На Звезде уже начались подготовительные работы. Из оранжереи приносили вьющиеся растения, цветы и декорировали главный зал. Художники рисовали плакаты, портреты, диаграммы, музыканты разучивали новые песни и кантаты, артисты репетировали пьесу, руководители научной работы составляли доклады.
Весело было летать по «вечерам» вдоль озеленённого «тоннеля», украшенного разноцветными лампами. Всюду была предпраздничная суета, слышались пение, музыка, молодые голоса. Каждый день появлялись новые лица. Преобладала молодёжь. Знакомые встречали друг друга шумными приветствиями и оживлённо делились впечатлениями.
— Ты откуда?
— С пояса астероидов.
— На кольце Сатурна был?
— Как же!
— Расскажи! Расскажи! — слышались голоса.
Вокруг рассказчика немедленно образовывалась плотная группа, вернее рой: тяжесть была ничтожна, и многие слушатели летали над головой рассказчика.
— Кольцо Сатурна, как вы знаете, представляет собой мириады летящих в одном направлении осколков. Это, вероятно, остатки разорвавшейся на части планетки — спутника Сатурна. Есть совсем небольшие камешки, есть огромные глыбы и целые горы.
— А можно ходить по кольцу, перескакивая с камня на камень? — спросил кто-то.

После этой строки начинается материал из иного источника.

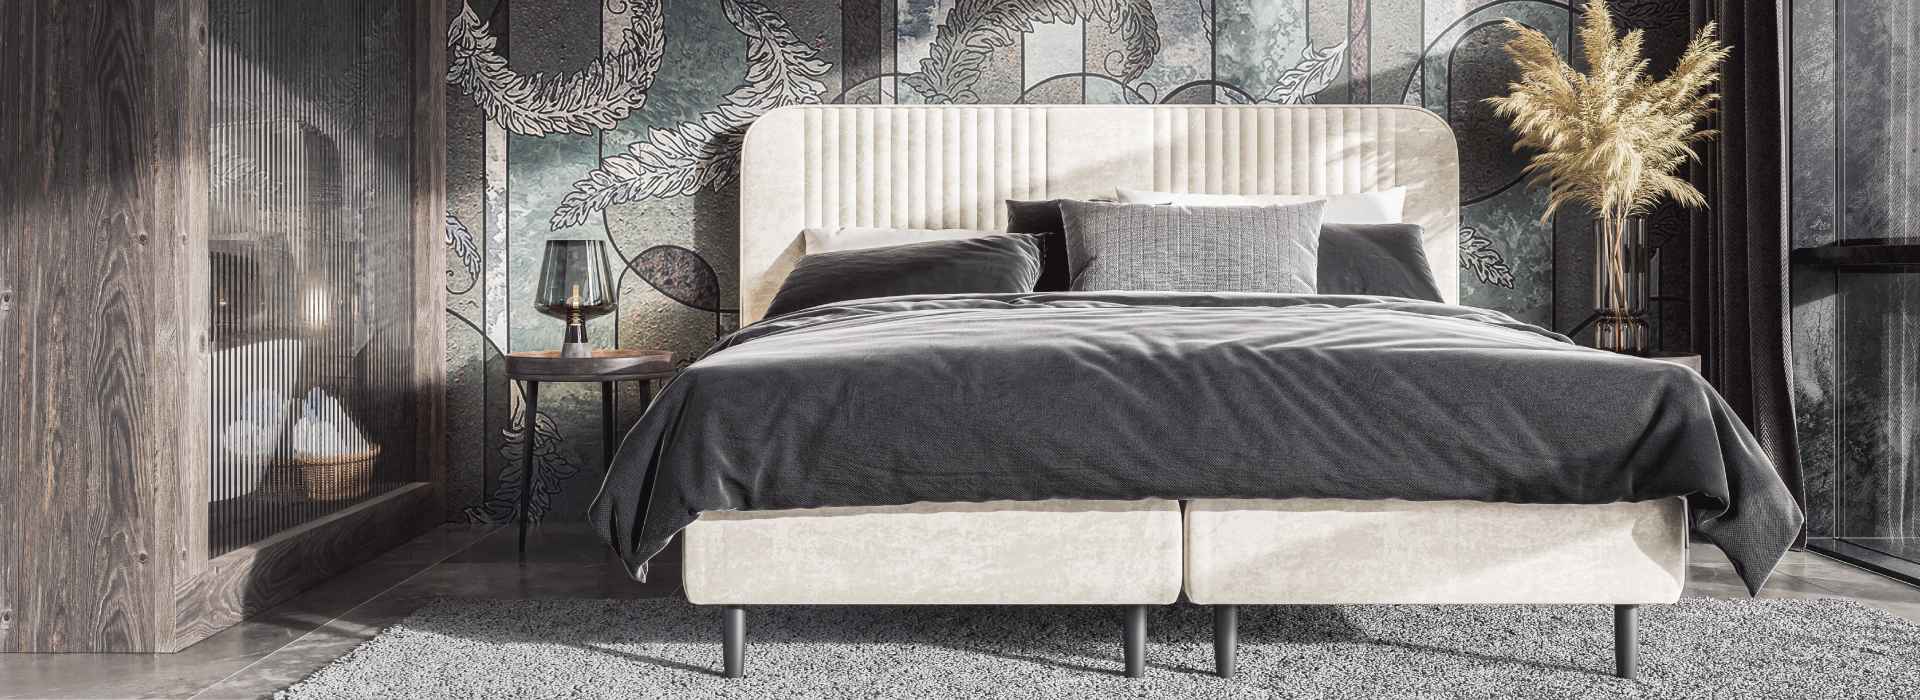 Jasnobeżowe łóżko z dekoracyjnymi przeszyciami na całości, ustawione w eleganckim pomieszczeniu w granatowe i złote barwy. Po obu stronach łóżka złote stoliki.
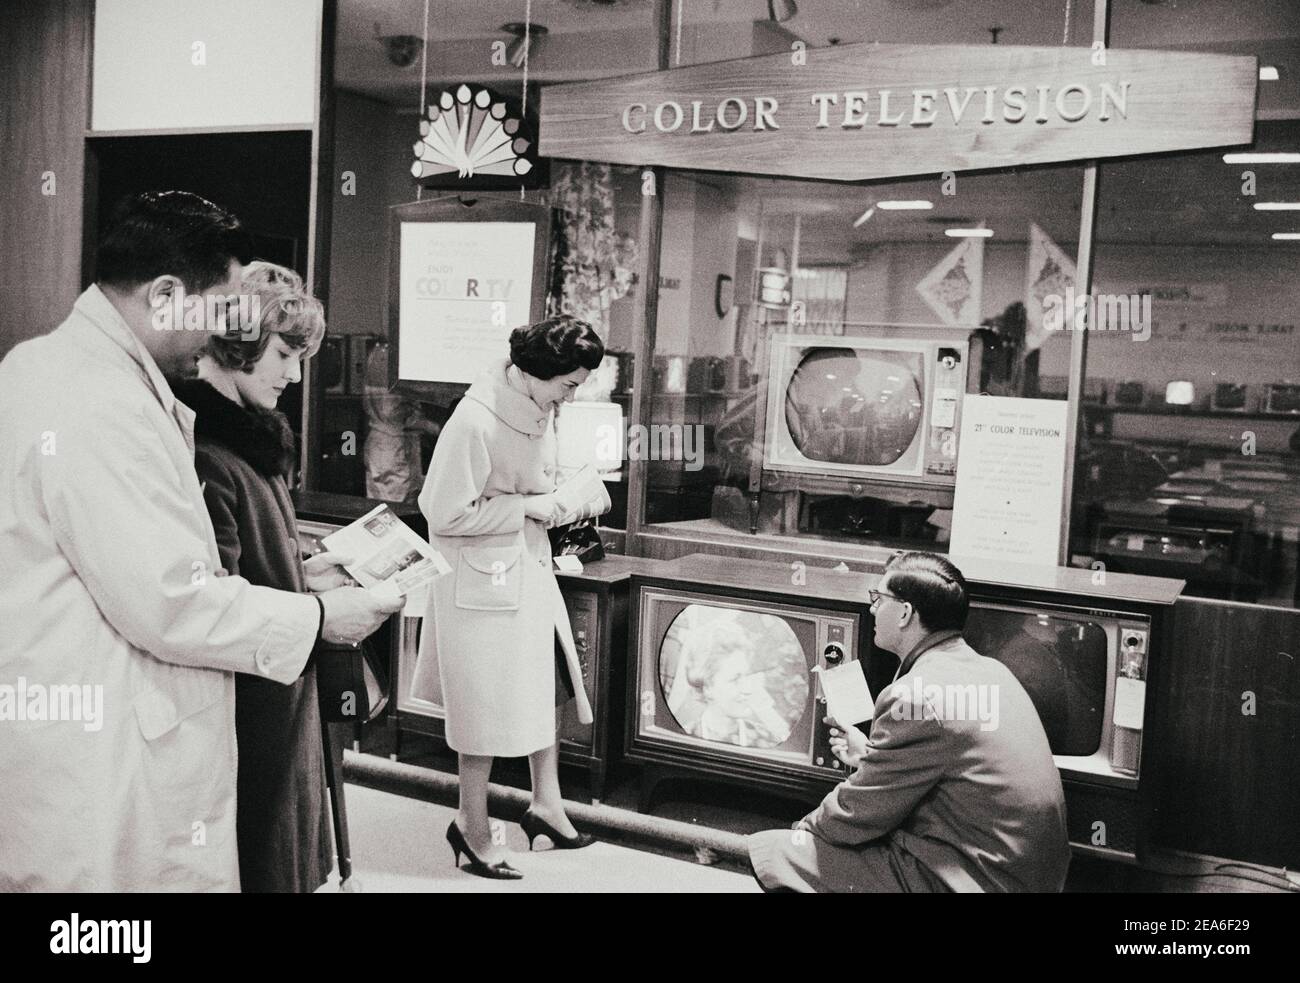 Vintage-Foto von Schaufenstern vor Schaufenster Shop mit neuen Modellen von Farbfernseher. USA. März 16, 1965. Stockfoto

— Конечно, можно, — смеясь ответил рассказчик, и нельзя было понять, говорит ли он правду, или шутит. — Я так и делал. Некоторые осколки действительно летят так близко, что можно перешагнуть с одного на другой. Но, вообще говоря, расстояния между
— И ты, конечно, привёз золото?
— Образцы привезли. Кольца Сатурна хватит нам на сотни лет. Мы будем извлекать камень за камнем из этого чудесного ожерелья. Сначала мелкие камни, а затем возьмёмся и за большие.
— И Сатурн лишится своего прекрасного украшения. Это всё-таки жалко, — сказал кто-то.
— Да, признаюсь, зрелище эффектное. Подлетая к кольцу в одной плоскости с ним, видишь только его ребро — тонкую светящуюся линию, которая прорезает также светящуюся планету. Если смотришь сверху, видишь сияющее кольцо необычайной красоты. Сбоку — золотую дугу, опоясывающую полнеба, то правильную, то вытянутую эллипсисом или даже параболой. Прибавьте к этому десять лун-спутников, и вы представите себе, какое поразительное зрелище ожидает путешественника.
— А на Сатурн не спускались?
— Нет, это мы тебе оставили, — сказал рассказчик. Все рассмеялись. — Вот на Фебе были, на Япете были. Маленькие луны, лишённые атмосферы, и больше ничего. Но вид неба отовсюду изумительный.
— Словом, мы изучили стратосферу, как атмосферу собственной комнаты. Для нас больше нет тайн… — послышался голос аэролога, пролетавшего мимо рука об руку с моим знакомым Соколовским.
Я помахал рукой геологу и вдруг увидел Тюрина. Он осторожно ступал по полу рядом с директором Пархоменко и что-то говорил о движении. Уж не собирается ли он сделать доклад о своей философии движения?..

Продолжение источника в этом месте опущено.